• TASK STATEMENT: When you reach the entries, transcribe each one exactly.

Stored data:
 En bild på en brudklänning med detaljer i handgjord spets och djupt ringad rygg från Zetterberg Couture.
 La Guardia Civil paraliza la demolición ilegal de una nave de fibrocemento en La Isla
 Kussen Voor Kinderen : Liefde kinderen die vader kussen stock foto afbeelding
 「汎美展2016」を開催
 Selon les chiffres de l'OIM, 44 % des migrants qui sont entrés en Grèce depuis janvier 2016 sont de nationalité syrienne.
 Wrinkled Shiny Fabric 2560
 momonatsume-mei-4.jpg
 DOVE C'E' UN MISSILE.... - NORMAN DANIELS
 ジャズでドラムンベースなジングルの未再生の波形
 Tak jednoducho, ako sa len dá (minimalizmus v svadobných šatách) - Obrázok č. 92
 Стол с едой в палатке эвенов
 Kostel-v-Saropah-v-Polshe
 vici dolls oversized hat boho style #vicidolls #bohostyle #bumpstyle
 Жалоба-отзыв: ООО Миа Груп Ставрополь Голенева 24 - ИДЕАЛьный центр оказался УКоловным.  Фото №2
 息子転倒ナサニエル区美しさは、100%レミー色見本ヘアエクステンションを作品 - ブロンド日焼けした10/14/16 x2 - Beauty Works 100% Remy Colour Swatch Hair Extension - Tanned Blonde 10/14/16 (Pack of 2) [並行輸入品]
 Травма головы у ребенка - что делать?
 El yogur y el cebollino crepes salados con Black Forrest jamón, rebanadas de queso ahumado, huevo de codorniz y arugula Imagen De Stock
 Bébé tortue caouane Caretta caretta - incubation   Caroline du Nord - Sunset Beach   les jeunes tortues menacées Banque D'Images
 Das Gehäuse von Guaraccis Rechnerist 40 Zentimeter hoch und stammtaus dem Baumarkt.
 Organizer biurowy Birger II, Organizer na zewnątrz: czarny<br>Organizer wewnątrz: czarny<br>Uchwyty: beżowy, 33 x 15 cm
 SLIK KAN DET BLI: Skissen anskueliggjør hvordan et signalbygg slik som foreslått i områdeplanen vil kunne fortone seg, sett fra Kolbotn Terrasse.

• TASK RESULT:
 En bild på en brudklänning med detaljer i handgjord spets och djupt ringad rygg från Zetterberg Couture.
 La Guardia Civil paraliza la demolición ilegal de una nave de fibrocemento en La Isla
 Kussen Voor Kinderen : Liefde kinderen die vader kussen stock foto afbeelding
 「汎美展2016」を開催
 Selon les chiffres de l'OIM, 44 % des migrants qui sont entrés en Grèce depuis janvier 2016 sont de nationalité syrienne.
 Wrinkled Shiny Fabric 2560
 momonatsume-mei-4.jpg
 DOVE C'E' UN MISSILE.... - NORMAN DANIELS
 ジャズでドラムンベースなジングルの未再生の波形
 Tak jednoducho, ako sa len dá (minimalizmus v svadobných šatách) - Obrázok č. 92
 Стол с едой в палатке эвенов
 Kostel-v-Saropah-v-Polshe
 vici dolls oversized hat boho style #vicidolls #bohostyle #bumpstyle
 Жалоба-отзыв: ООО Миа Груп Ставрополь Голенева 24 - ИДЕАЛьный центр оказался УКоловным.  Фото №2
 息子転倒ナサニエル区美しさは、100%レミー色見本ヘアエクステンションを作品 - ブロンド日焼けした10/14/16 x2 - Beauty Works 100% Remy Colour Swatch Hair Extension - Tanned Blonde 10/14/16 (Pack of 2) [並行輸入品]
 Травма головы у ребенка - что делать?
 El yogur y el cebollino crepes salados con Black Forrest jamón, rebanadas de queso ahumado, huevo de codorniz y arugula Imagen De Stock
 Bébé tortue caouane Caretta caretta - incubation   Caroline du Nord - Sunset Beach   les jeunes tortues menacées Banque D'Images
 Das Gehäuse von Guaraccis Rechnerist 40 Zentimeter hoch und stammtaus dem Baumarkt.
 Organizer biurowy Birger II, Organizer na zewnątrz: czarny<br>Organizer wewnątrz: czarny<br>Uchwyty: beżowy, 33 x 15 cm
 SLIK KAN DET BLI: Skissen anskueliggjør hvordan et signalbygg slik som foreslått i områdeplanen vil kunne fortone seg, sett fra Kolbotn Terrasse.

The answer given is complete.